Research Paper Volume 12, Issue 21 pp 21518—21543
Oncostatin M expression and TP53 mutation status regulate tumor-infiltration of immune cells and survival outcomes in cholangiocarcinoma
- 1 Department of Pancreatico-Biliary Surgery, The First Affiliated Hospital, Sun Yat-Sen University, Guangzhou 510080, Guangdong Province, China
- 2 Department of Urology, Tianjin Medical University General Hospital, Tianjin 300052, China
Received: May 25, 2020 Accepted: August 1, 2020 Published: November 7, 2020https://doi.org/10.18632/aging.103936
How to Cite
Copyright © 2020 Liu et al. This is an open-access article distributed under the terms of the Creative Commons Attribution (CC BY) 3.0 License, which permits unrestricted use, distribution, and reproduction in any medium, provided the original work is properly cited.

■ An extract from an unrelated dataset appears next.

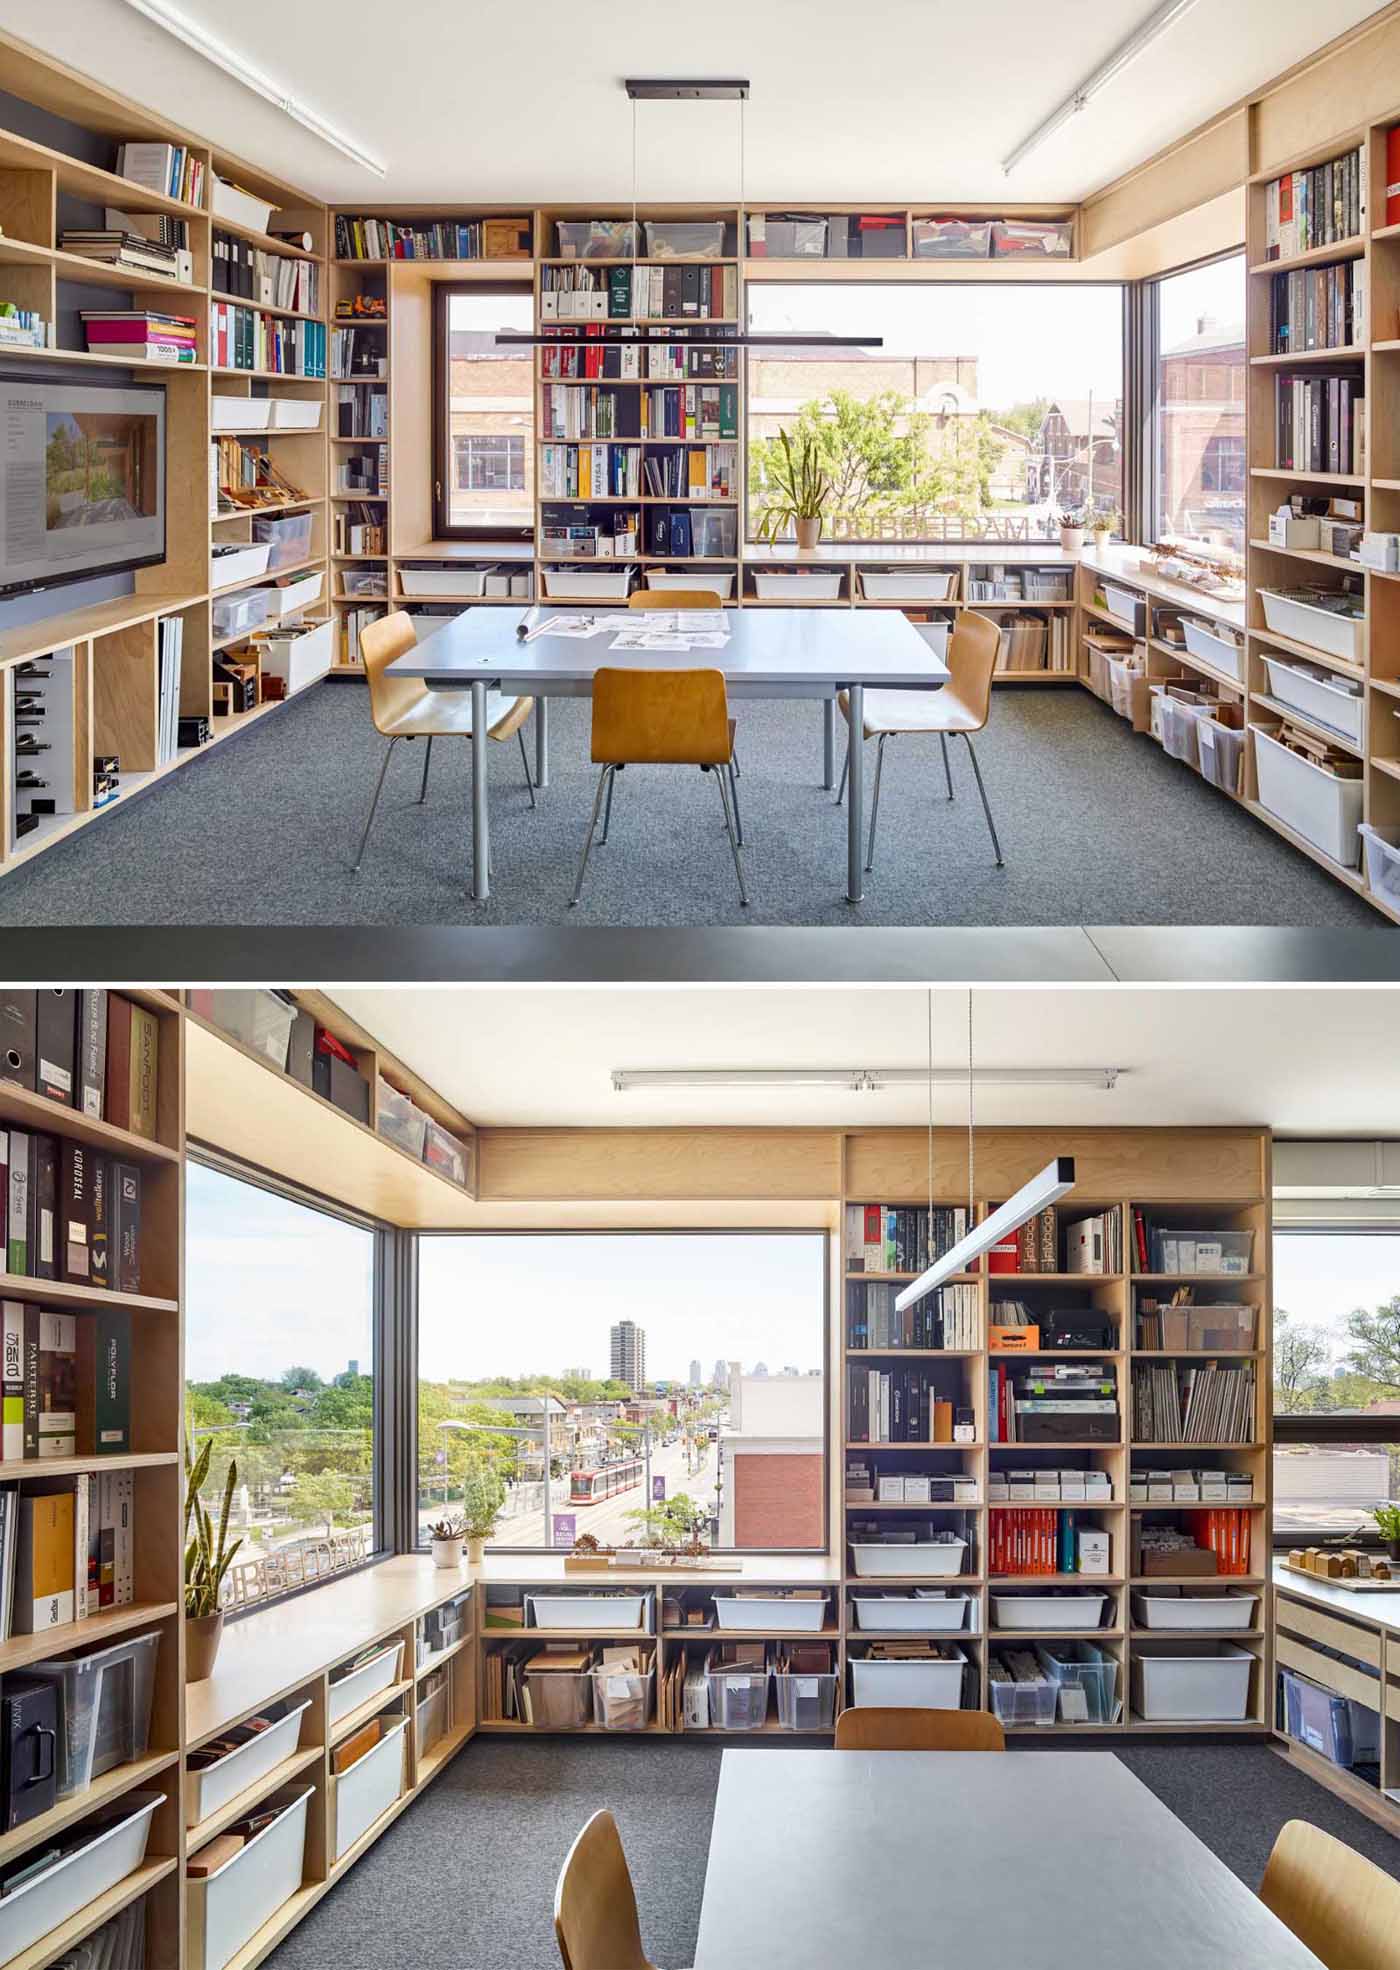 The open workspace includes natural light and passive ventilation offered by the many operable windows, while open shelving provides much-needed storage space.

In this study, we used bioinformatics tools to analyze transcriptome data from cholangiocarcinoma (CCA) patients in multiple datasets (Sun Yat-sen University, TCGA and GSE32225 cohorts) to identify mechanisms that regulate tumor infiltration by immune cells and survival outcomes. We identified 96 differentially expressed genes (DEGs), including 13 upregulated and 83 downregulated genes, in CCA tissues as regulatory T cells were significantly higher and the proportions of activated natural killer cells and monocytes were significantly lower in CCA tissues than the precancerous tissues. The survival outcomes of CCA patients were associated with the TP53 gene mutation status, levels of Oncostatin M (OSM) expression, and the proportions of tumor-infiltrating immune cell types, including dendritic cells, monocytes, and T follicular helper cells. Functional enrichment analysis of the DEGs in the high OSM-expressing CCA tissues showed that pathways related to tumor progression and immune response were significantly upregulated. Our study demonstrates that OSM expression and TP53 mutation status regulate the tumor infiltration by immune cells and survival outcomes in CCA. OSM is thus a potential prognostic biomarker and therapeutic target in cholangiocarcinoma.